Моськин положил запищавшую трубку. Лицо его исказилось. Он торопливо оделся и вышел из квартиры. Железный гараж был в полусотне метров от дома.

Моськин открыл ворота, хмуро поднял канистру с бензином, поставил в багажник и вывел машину. Ворота он запирал, будто прощаясь. Был даже соблазн зашвырнуть в кустарники бесполезный ключ.

Он опять сел за руль, с остервенением трахнул дверцей. Кусая губы, завел мотор и покатил в город...

I. Лес осыпался за одну ночь. Дочиста. Еще накануне холмы, окружавшие городок, вздымались застывшей золотой пеной. До самых сумерек торжественно синели небеса. И тихо отгорал закат.

Но к полуночи по-разбойничьи засвистал ветер, разом погасли все звезды, вдрызг разлетелось неприкрытое окно на девятом этаже, и припустил дождь. Всю ночь ветер выл, стонал и бился в дрожащие стены.

На рассвете, разбрызгав последние сизые капли, ураган стих. Взошло холодное солнце. Дело было сделано. Лес опустел, оголился, ощетинился серыми остриями, суровый, как готический собор. Топайте, намекал он, месса эст.

Олега Петровича Стеблицкого, возвращавшегося от добрых знакомых с утреннего чаепития, печальная картина отходящего мира волновала лишь косвенно.

“...люблю я пышное природы...” — озабоченно бормотал он, глядя, куда бы ловчее ступить почти новым башмаком.

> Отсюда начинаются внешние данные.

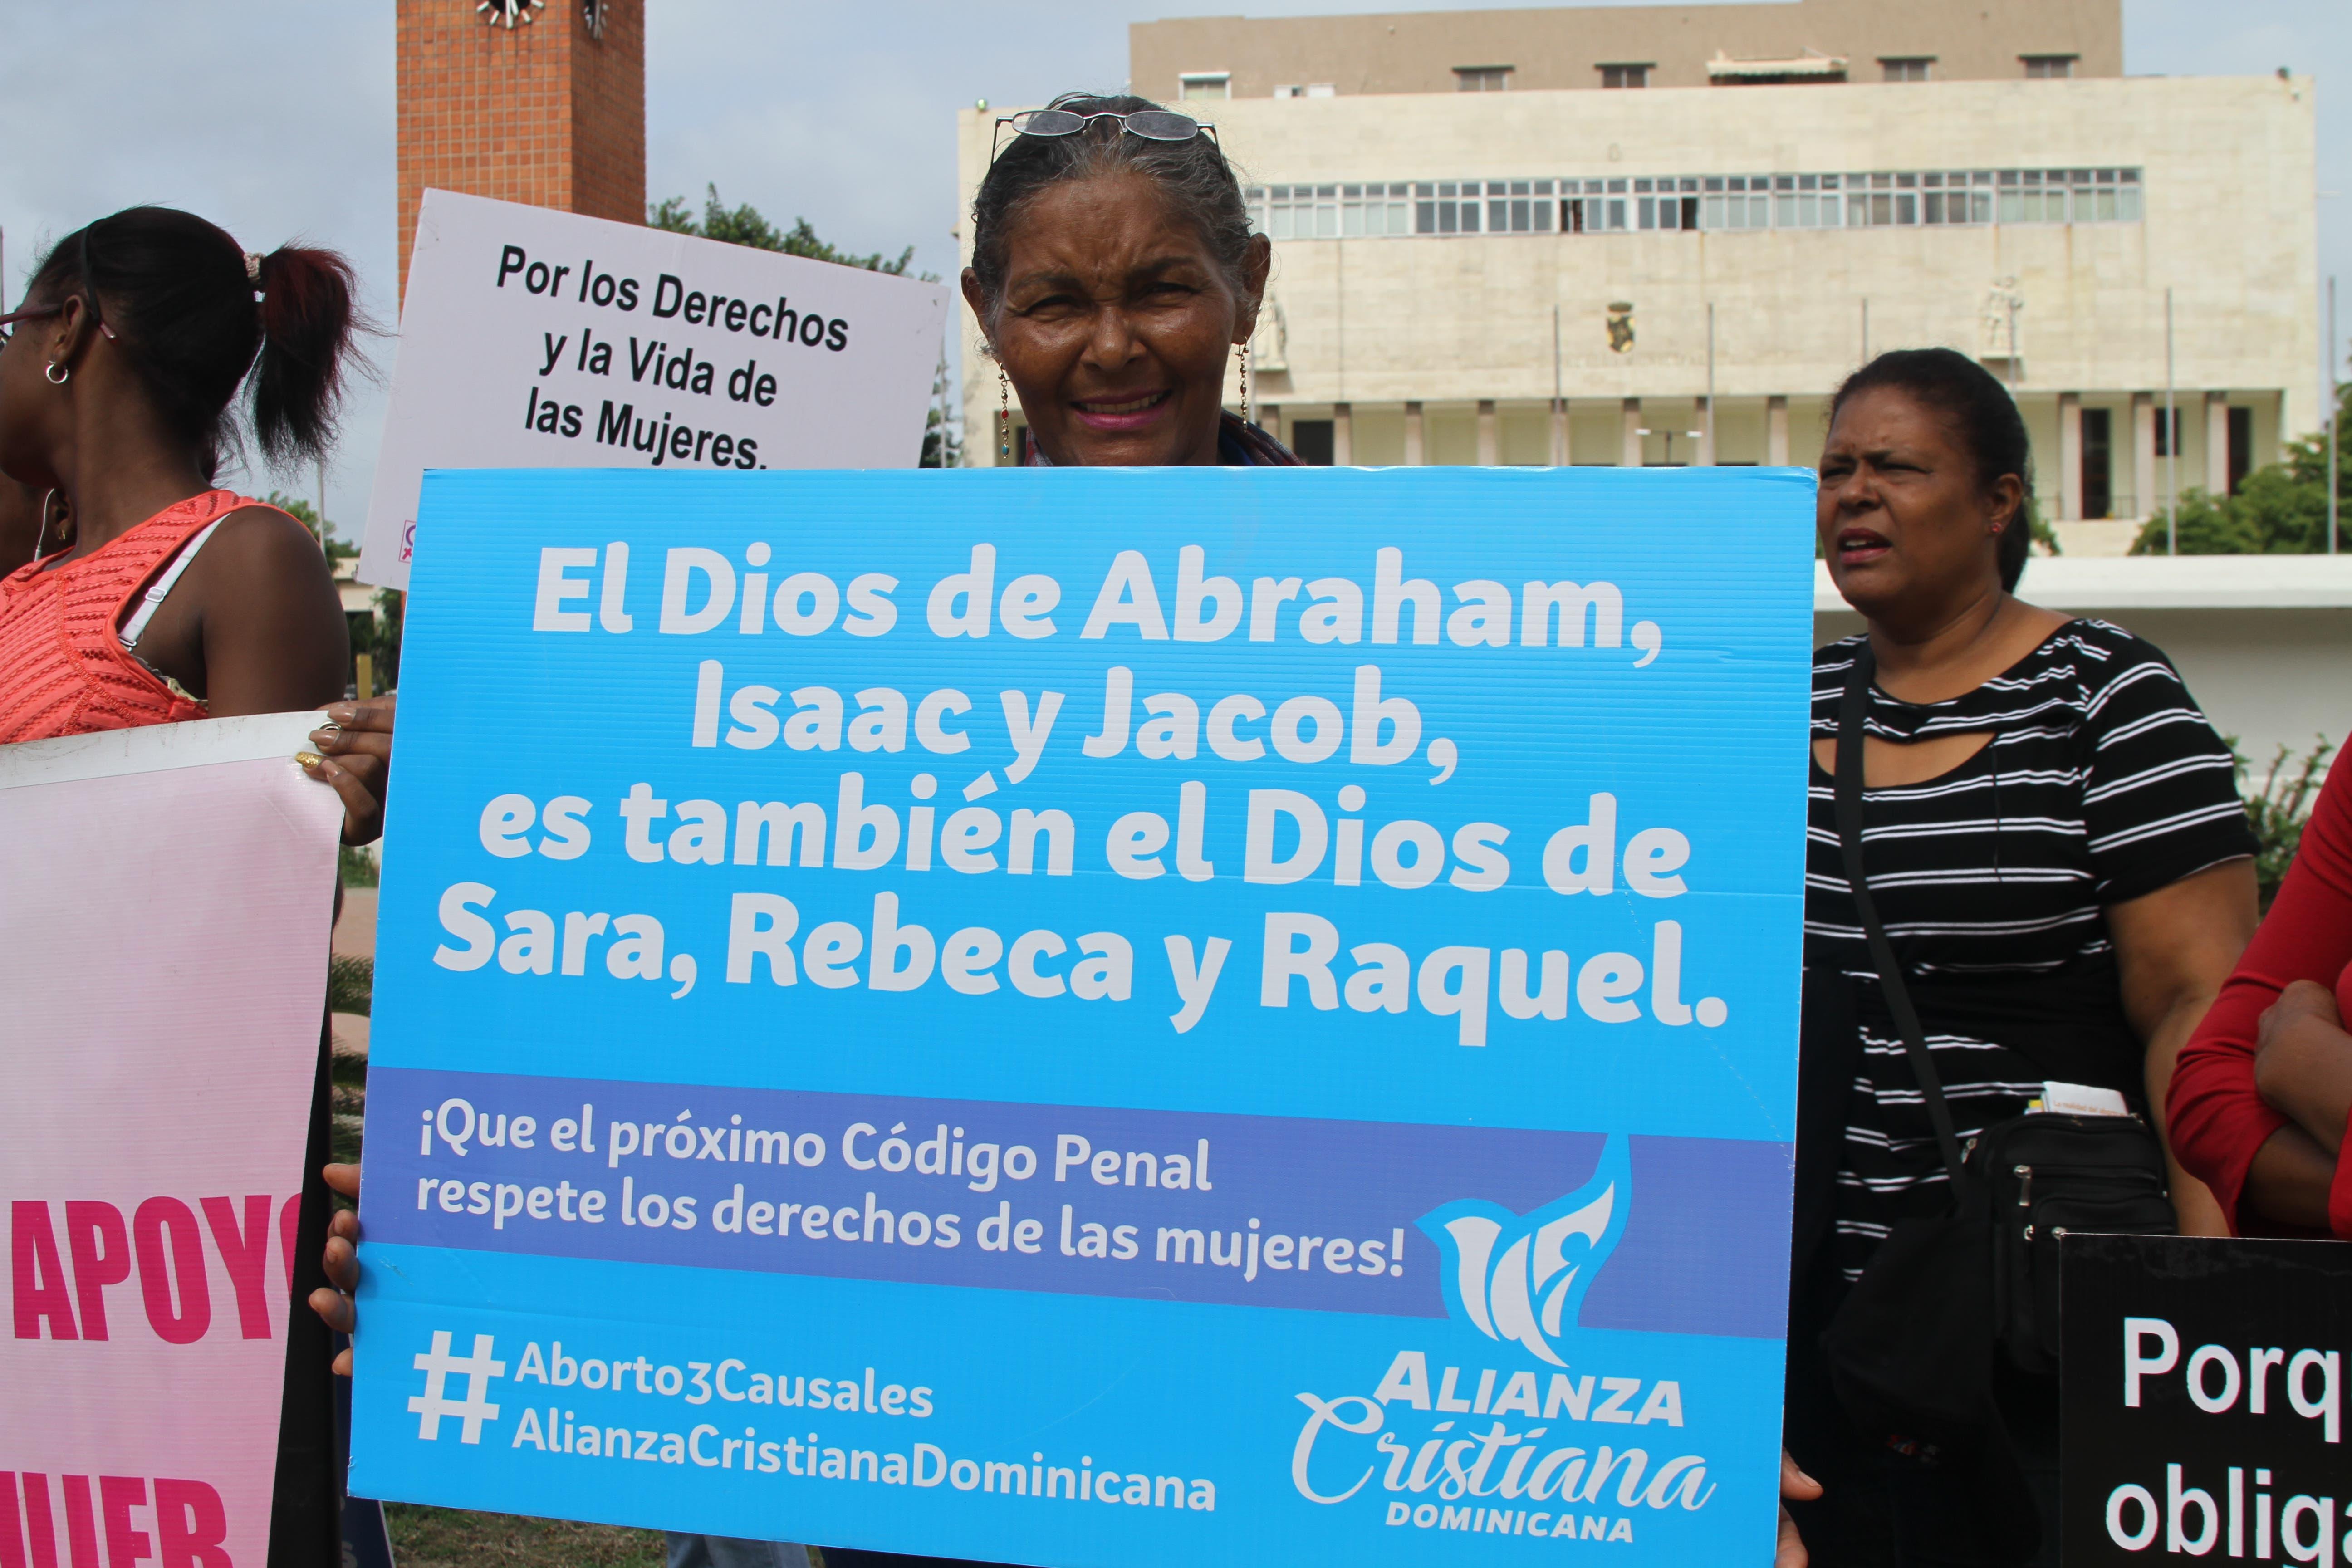 Alianza Cristiana llama la atención crisis electoral ha postergado agenda pro derechos de las mujeres

Именно безобразие под ногами беспокоило его сейчас —все эти непременные атрибуты российской осени: жирные комья грязи, колеи, начиненные мутной водой, и кучи мусора, гниющие едва ли не у каждых ворот. Кучи, которые сторонний наблюдатель отнесет несомненно на счет российского же обычного свинства, напротив, свидетельствовали о потаенном стремлении граждан к чистоте и совершенству жизни, ибо только последний бездельник поленился бы отправить со двора эту истекающую слизью картошку, эти сверкающие жестянки, эти желтые перья и синие кишки, и даже кое-где —экзотическую банановую кожуру. Прочь ее!

Однако Стеблицкий, будучи капризным интеллигентом и, то есть, в какой-то степени наблюдателем, воспринимал кожуру как личное оскорбление. И хаотичность градостроения, кстати, тоже — из-за нее до своего микрорайона с гордыми девятиэтажками и асфальтовыми дорожками ему приходилось добираться через унылую улицу, будто сошедшую с картинки учебника по истории — глава “Как жили наши предки”.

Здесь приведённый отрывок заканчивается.